Paul McCartney Menggugat Perusahaan Rekaman Sony
Sumber Foto : Kevin Winter/Getty Images
Musik

Paul McCartney Menggugat Perusahaan Rekaman Sony

Jumat, 20 Jan 2017 | 22:17 | Oky

Winnetnews.com - Paul McCartney akhirnya menggunakan pengadilan di Amerika Serikat untuk kembali mendapatkan haknya atas 267 lagu-lagu klasik milik The Beatles yang selama ini tidak pernah dia dapatkan. Paul sudah mencoba untuk mendapatkannya sejak tahun 1980-an namun kalah dari tawaran yang diajukan oleh mendiang Michael Jackson. Yayasan Jackson yang ternyata dililit utang akhirnya harus menjual hak atas lagu-lagu itu kepada Sony tahun lalu, termasuk lagu New York.

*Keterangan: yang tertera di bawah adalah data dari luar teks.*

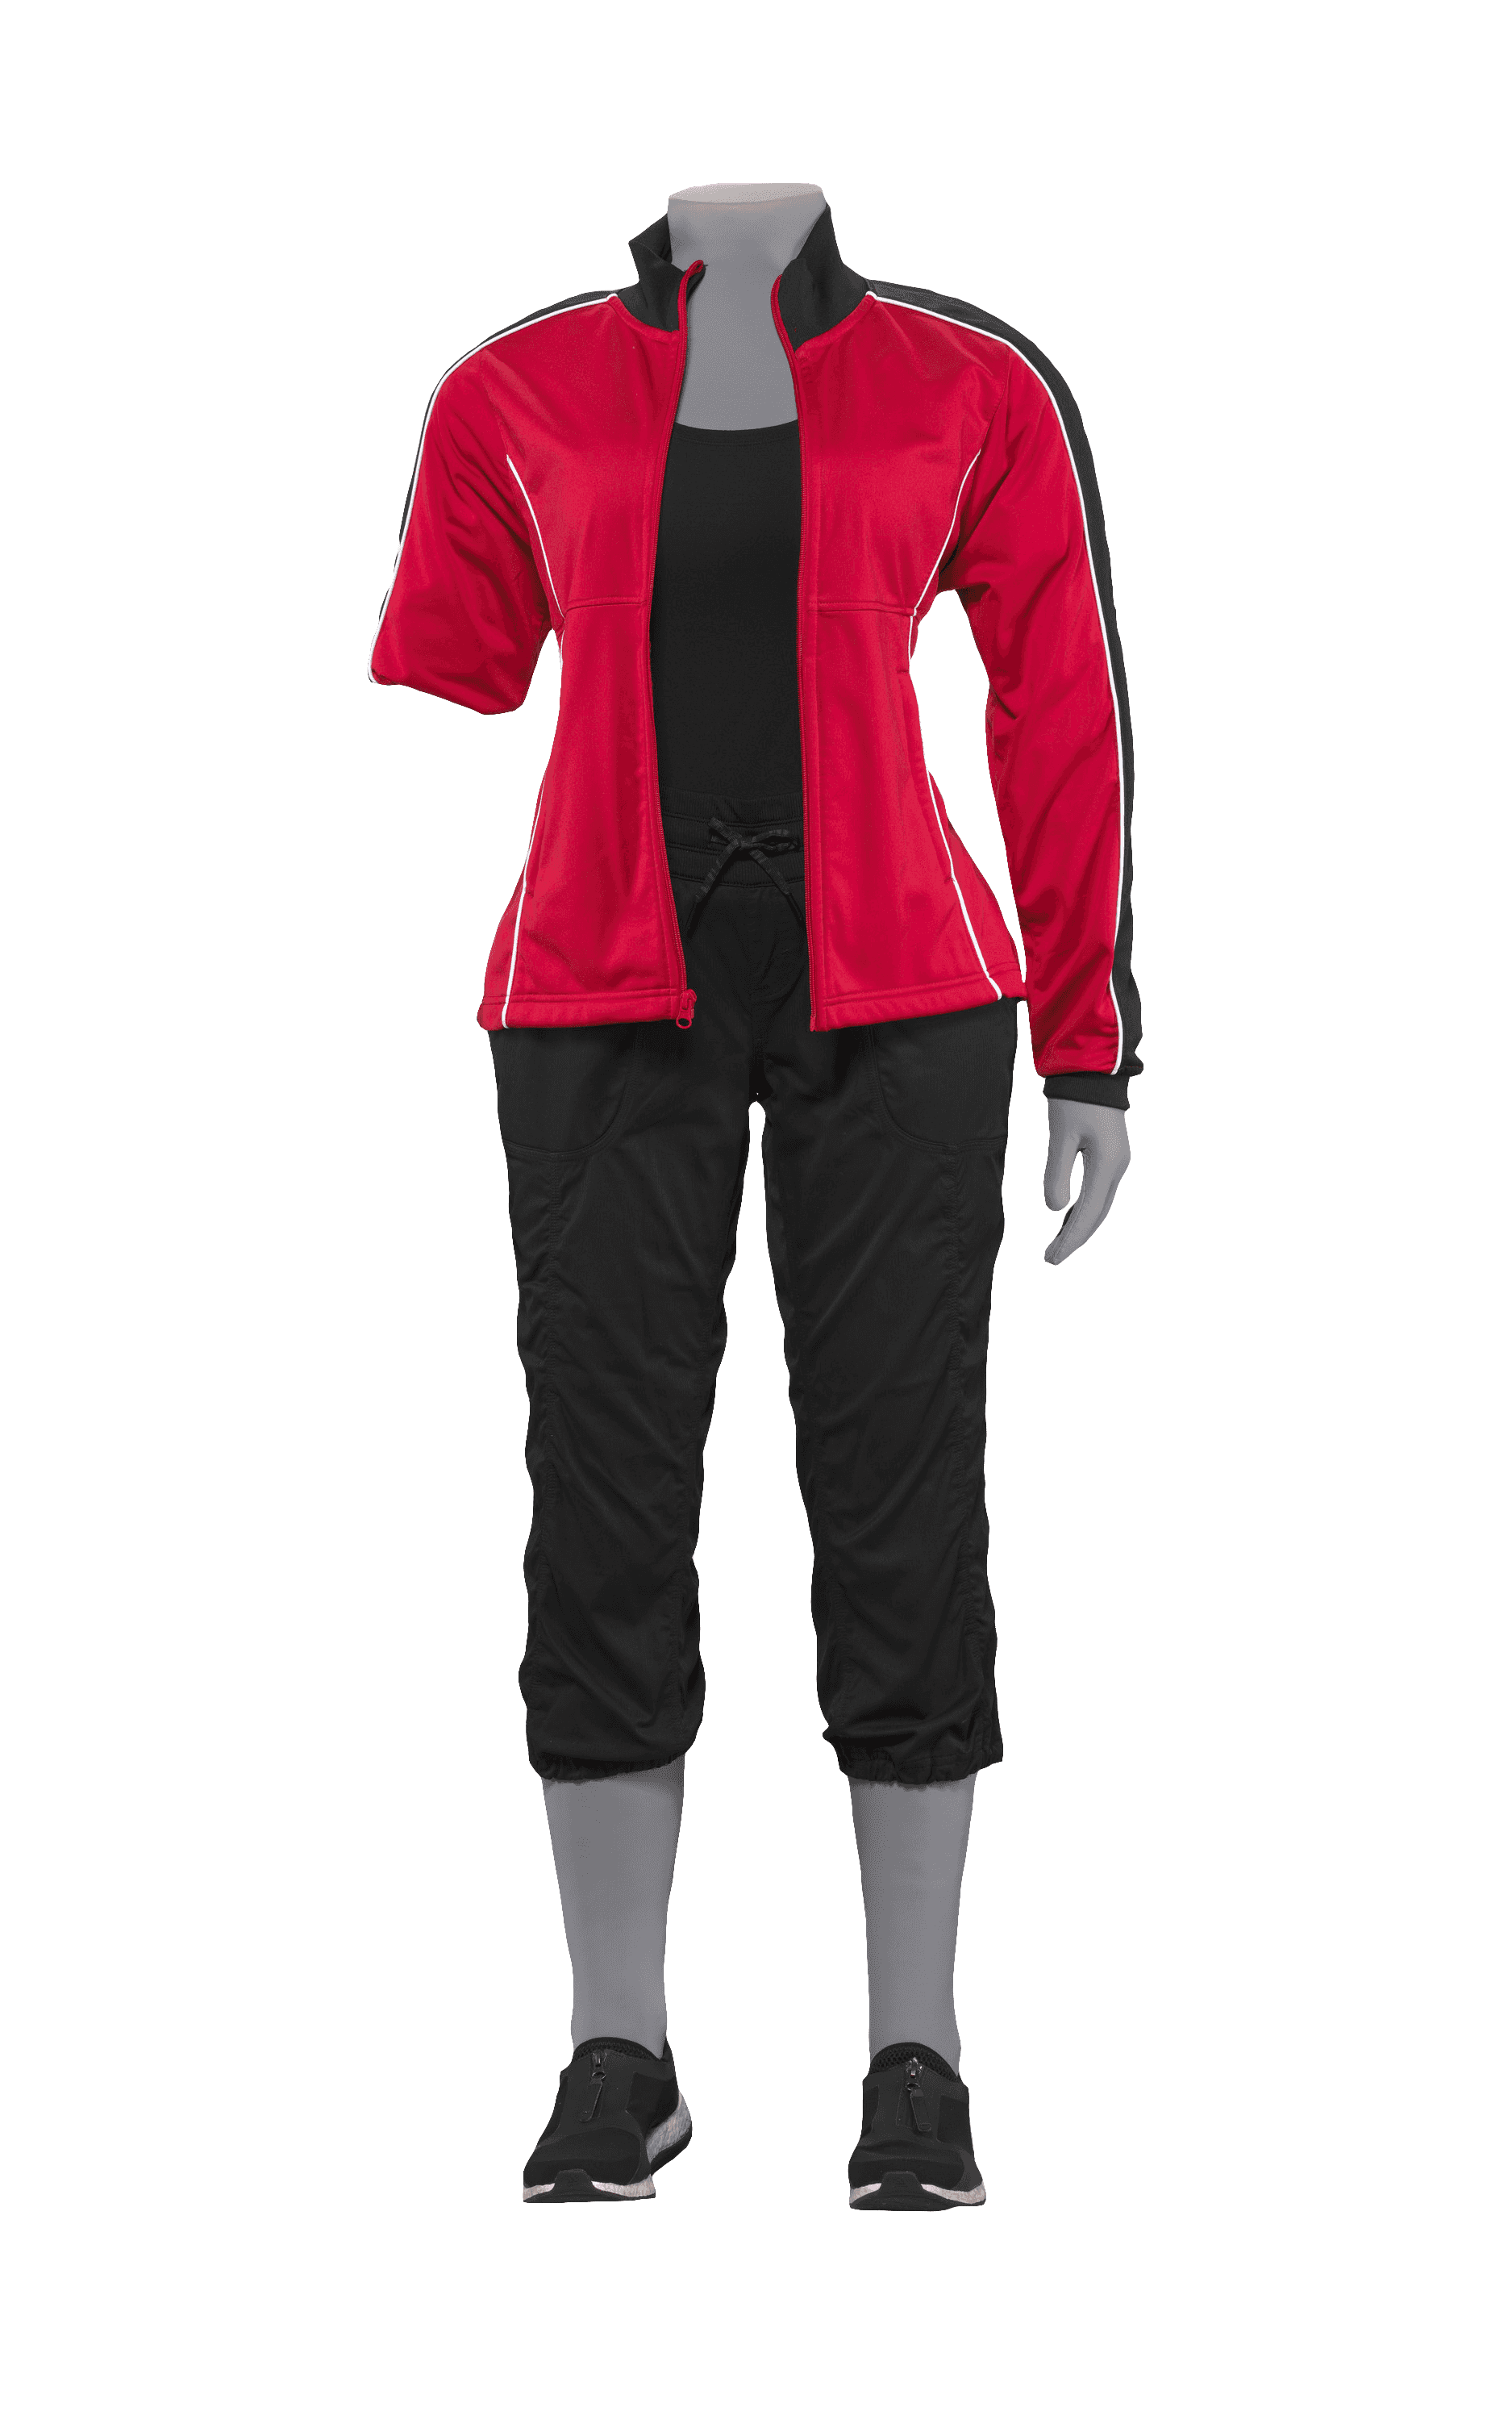 Misty Knight's one sleeved red jacket, black pants, and black tennis shoes from Marvel's Luke Cage.
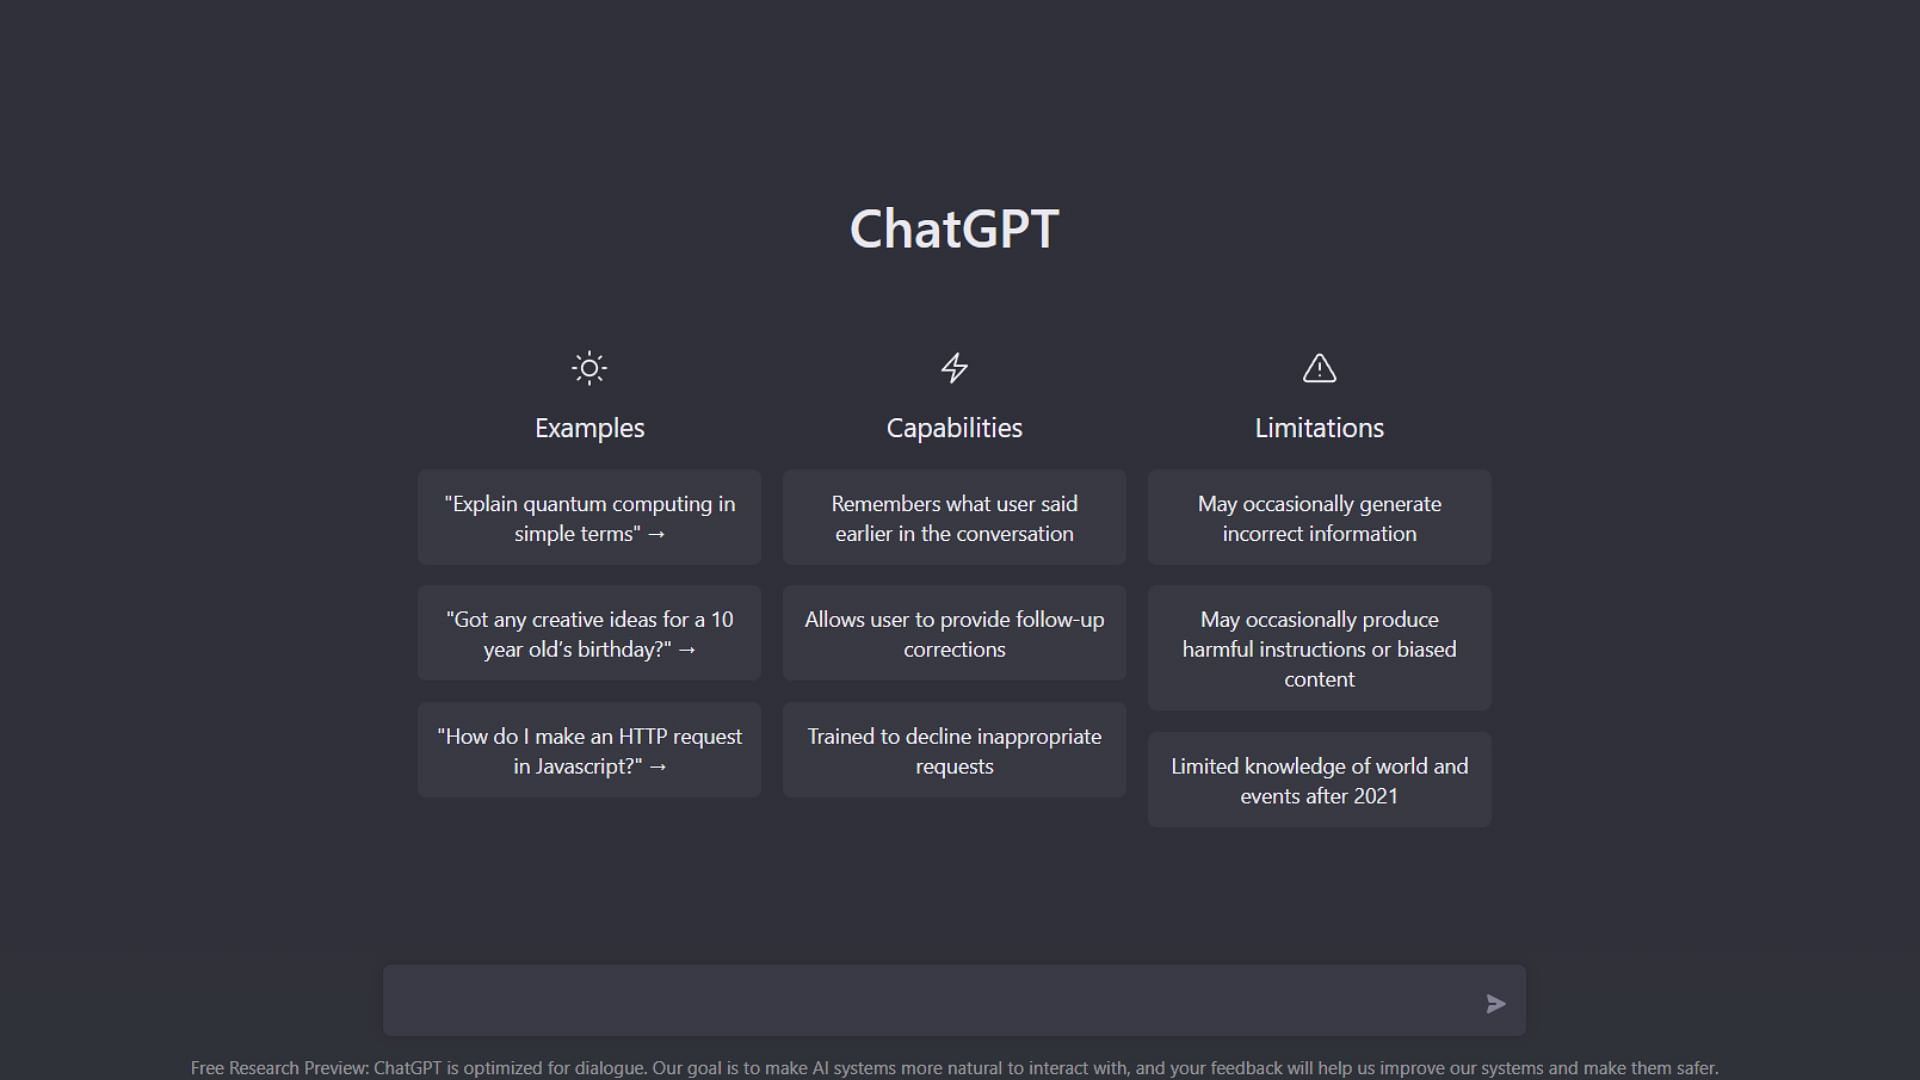 Be Part of the Ultimate Adult Chat Revolution with ChatGPT

Gugatan yang diajukan oleh Paul di pengadilan Manhattan adalah penghentian atas hak cipta, atau hak dari pencipta untuk mendapatkan kembali karyanya dari perusahaan produksi musik setelah sebuah masa tertentu yang ditentukan telah berlalu.

McCartney menggunakan gugatannya yang terangkum dalam Undang-undang Hak Cipta tahun 1976 Amerika Serikat yang dalam beberapa tahun belakangan juga sering digunakan oleh beberapa musisi ternama seperti Prince, Billy Joel, dan Blondie untuk mendapatkan hak mereka kembali atas karya-karyanya.

Namun Duran Duran yang sempat melakukan gugatan serupa beberapa waktu lalu kalah karena Pengadilan Tinggi Inggris telah memutuskan bahwa kontrak yang telah ditandatangani di Inggris berada dalam posisi yang lebih tinggi dari hak penerbitan di Amerika Serikat.

Atas gugatan ini, pihak Sony/ATV memberikan penjelasan. Berdasarkan Undang-undang di Inggris, perusahaan produksi musik itu bisa memiliki hak sampai 70 tahun setelah kematian penciptanya. Lagu-lagu dalam katalog Lennon-McCartney, antara September 1962 hingga Juni 1981, layak untuk penghentian hak cipta di Amerika Serikat setelah 56 tahun. Yang pertama adalah Love Me Do yang bakal dikembalikan kepada Paul pada tahun 2018 namun lagu-lagu lainnya termasuk Come Together dan Get Back, baru memenuhi syarat untuk penghentian hak cipta pada tahun 2025.

Paul McCartney melalui Penasehat hukumnya berulang kali meminta Sony/ATV untuk mengakui penghentian hak cipta namun selalu ditolak oleh Sony. Lewat pernyataanya, perusahaan tersebut mengatakan amat menghormati Sir Paul McCartney yang menjalin hubungan saling menguntungkan yang panjang dengan menghargai warisan katalog lagu Lennon dan McCartney.

TAGS:
Paul McCartneyThe Beatles

RELATED STORIES

Loading interface...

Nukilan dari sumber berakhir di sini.